You first get a reference to the tz database, then iterate over each zone in the database. For each zone, set a range of time points to search over. In this example I start searching as far back as possible, and search forward to the year 2035.

Starting at the beginning of time, get an sys_info for that UTC time_point. An sys_info looks like this:

struct sys_info
{
    second_point         begin;
    second_point         end;
    std::chrono::seconds offset;
    std::chrono::minutes save;
    std::string          abbrev;
};

Each time zone transition happens at begin (UTC). The total offset from UTC for this timezone and period is offset. This offset will be in effect until end (UTC). The difference between this period's "normal" offset, and this offset is save. And this period's timezone abbreviation is abbrev.

For this example, we are looking for those periods when the save is neither 0 minutes, nor 60 minutes. When we find one, just print it out.

To increment the loop, set the local variable begin to info.end, and look up a new Info.

It is really remarkably simple to search the globe and and all time for interesting chronological events related to timezone transitions.

Sample output of this program:

Africa/Accra has a daylight savings offset of 20min from 1920-09-01 00:00:00 UTC to 1920-12-30 23:40:00 UTC with the abbreviation GHST
...

How many timezones are using daylight saving?

(by Howard Hinnant)

Ever wonder how the global use of daylight saving time is trending with time? Here's one way to find out:

#include "tz.h"
#include <iostream>

int
main()
{
    using namespace date;
    using namespace std::chrono_literals;
    auto& db = get_tzdb();
    std::cout << db.version << '\n';
    for (auto y = 1850_y; y < 2020_y; ++y)
    {
        auto use_daylight = 0;
        auto total = 0;
        for (auto& z : db.zones)
        {
            ++total;
            auto info1 = z.get_info(sys_days{y/jan/15});
            auto info2 = z.get_info(sys_days{y/jul/15});
            if (info1.save != 0min || info2.save != 0min)
                ++use_daylight;
        }
        std::cout << y << " : " << use_daylight << '/' << total
                  << " = " << static_cast<float>(use_daylight)/total << '\n';
    }
}

This code loops over a wide range of years, and then for each year, loops over all timezones in the database, and for each timezone, detects whether it is switching back and forth between standard time and daylight time for that year. The switch detection is rather crude, but you can make this detection as elaborate as you want. Currently it picks two dates 6 months apart which are unlikely to both be using standard time if the zone is using daylight saving time that year. For each of those two dates, the sys_info.save member is checked. If either save != 0min, daylight saving is in use that year.
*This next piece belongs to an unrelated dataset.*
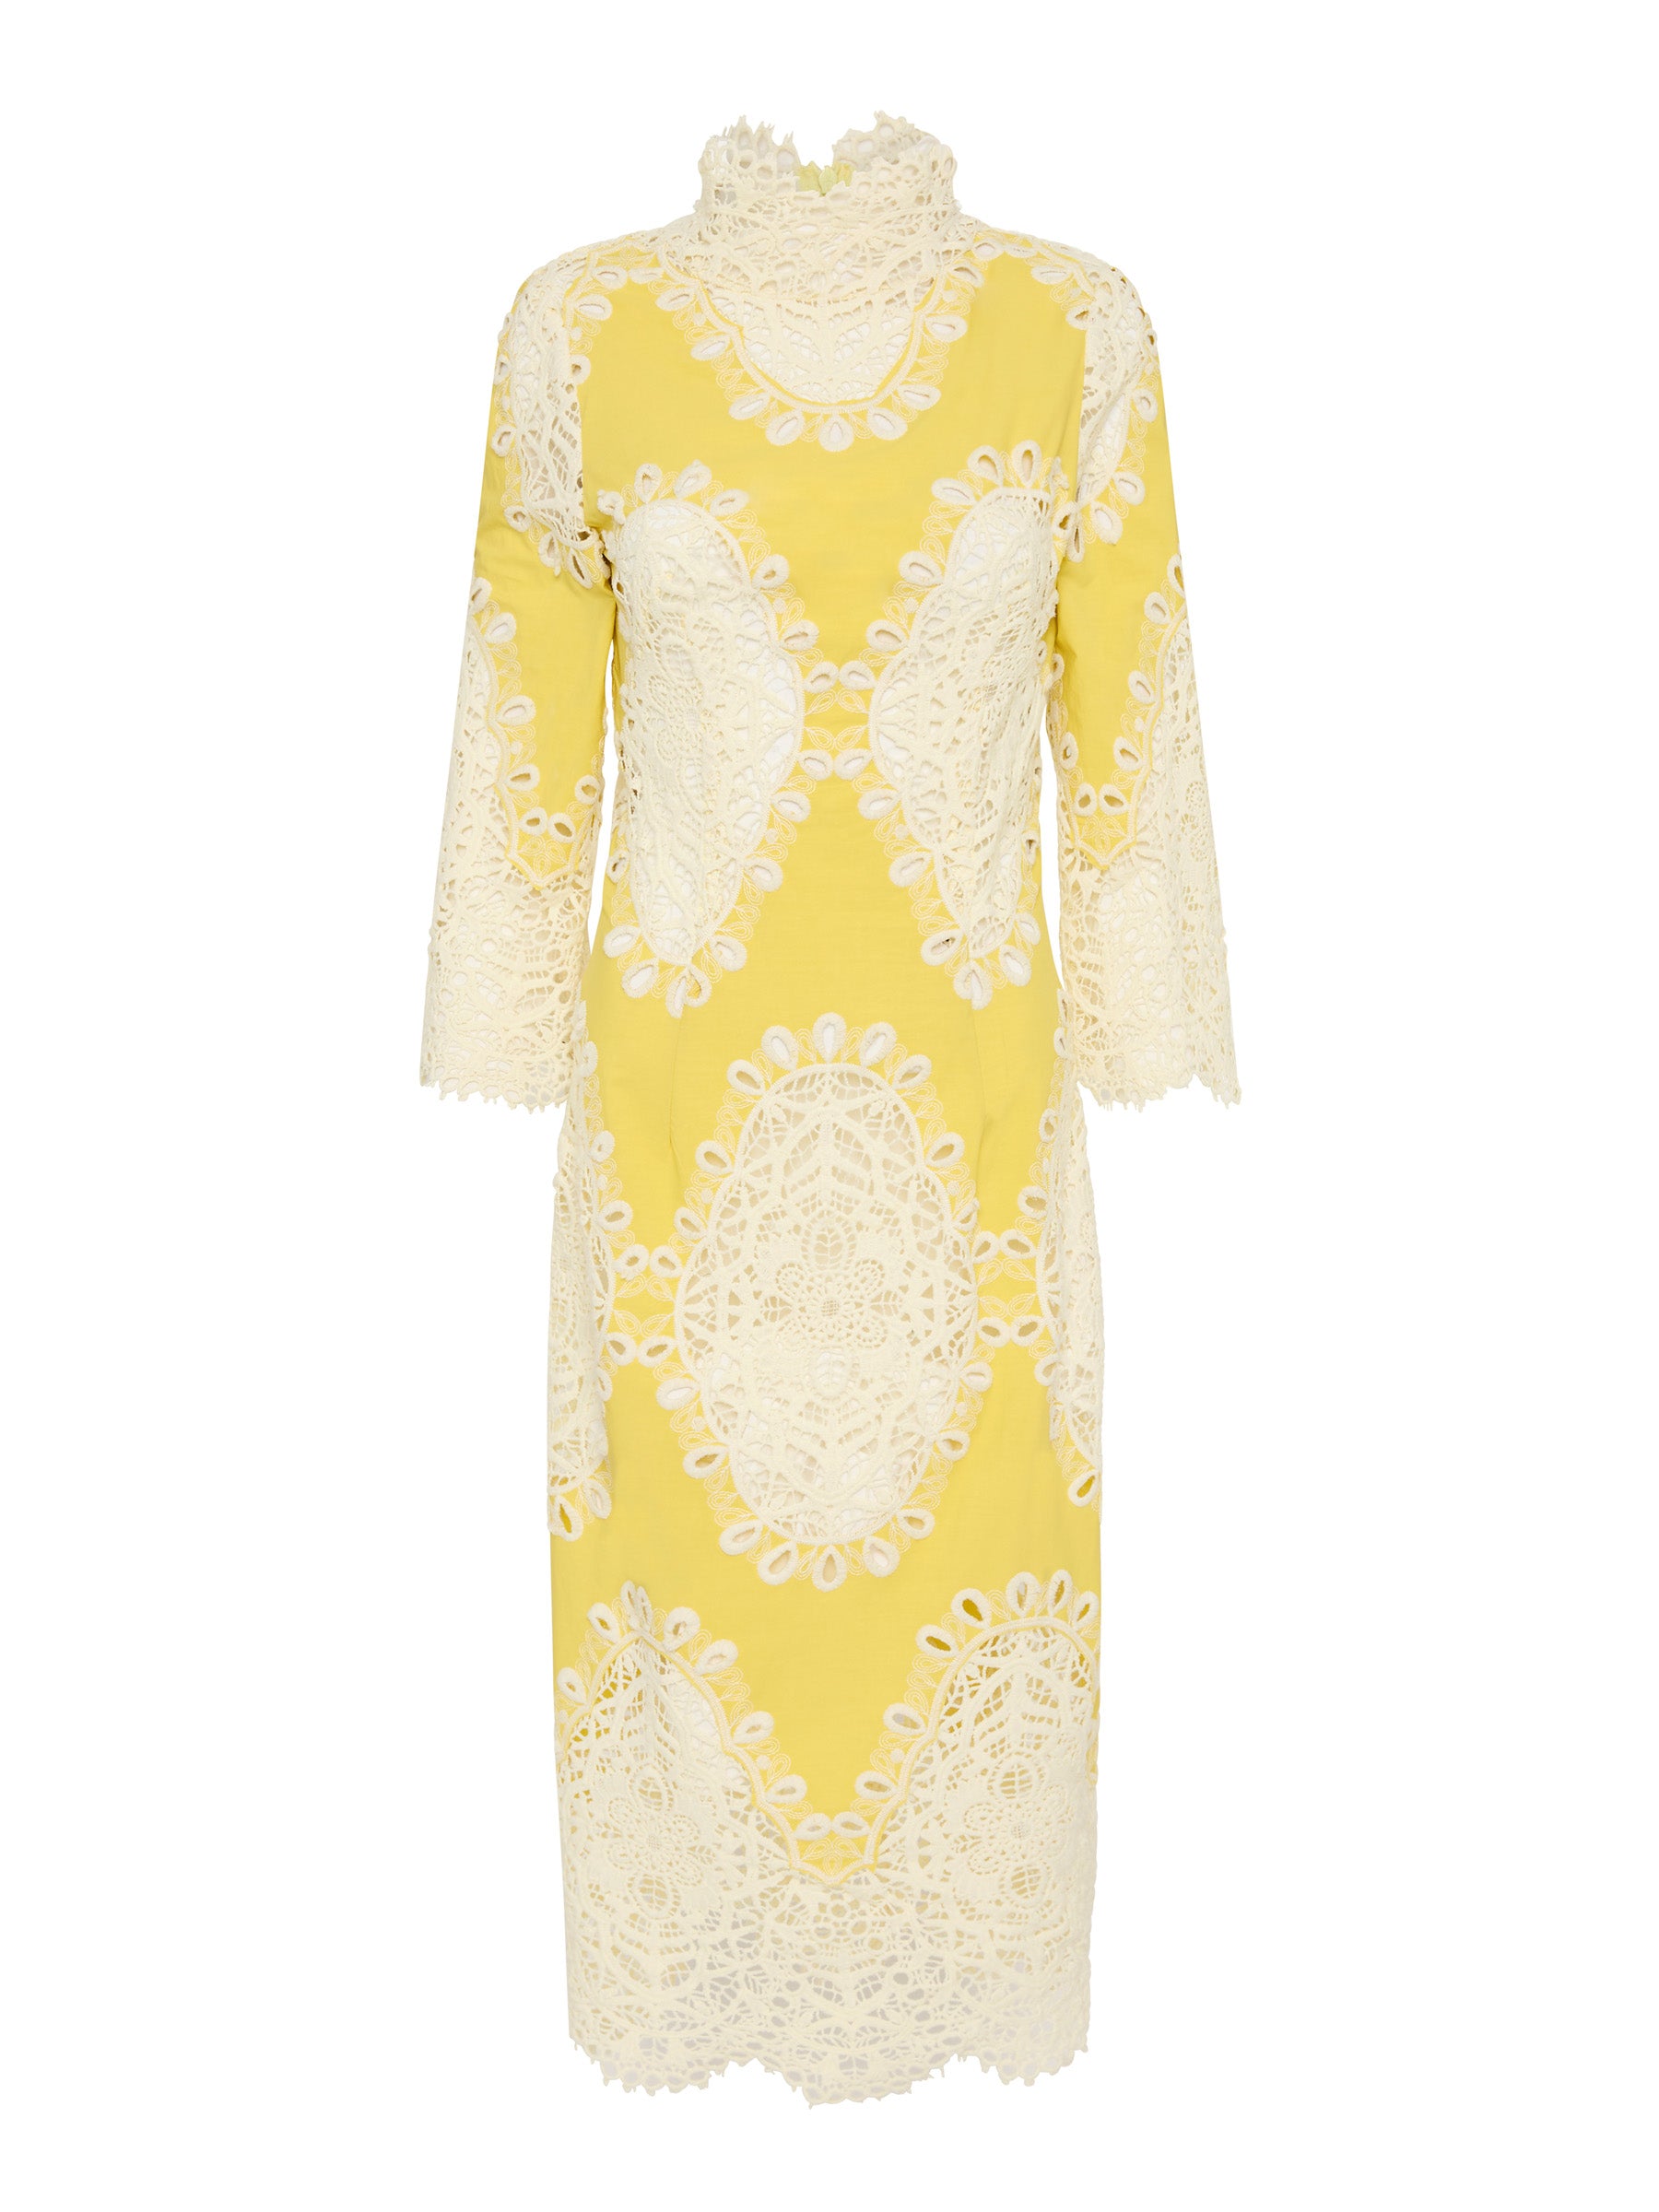 Mimosa Dress - Yellow/Ivory

The results of this program are plotted below (the plotting code is not part of the above program).

Plot of daylight saving use by year

What is the epoch difference between Unix Time and GPS time?

(by Howard Hinnant)

This question is interesting because it has more than one answer. And the reason it has more than one answer is because there are more than one measures. You can blame it all on leap seconds. But hopefully this library can help clarify the situation for you.

Unix Time is what sys_time measures. This is a count of non-leap-seconds since 1970-01-01. This measure is helpful because it provides an efficient vehicle for converting between field types such as {year, month, day, hours, minutes, seconds} and {count_of_seconds}. It is what is measured by std::chrono::system_clock, gettimeofday, std::time, etc. Unfortunately this solution is not without its problems. One of them is that there exists no Unix Time which represents inserted leaps seconds in utc_time (and subsequently, even some seconds in tai_time and gps_time).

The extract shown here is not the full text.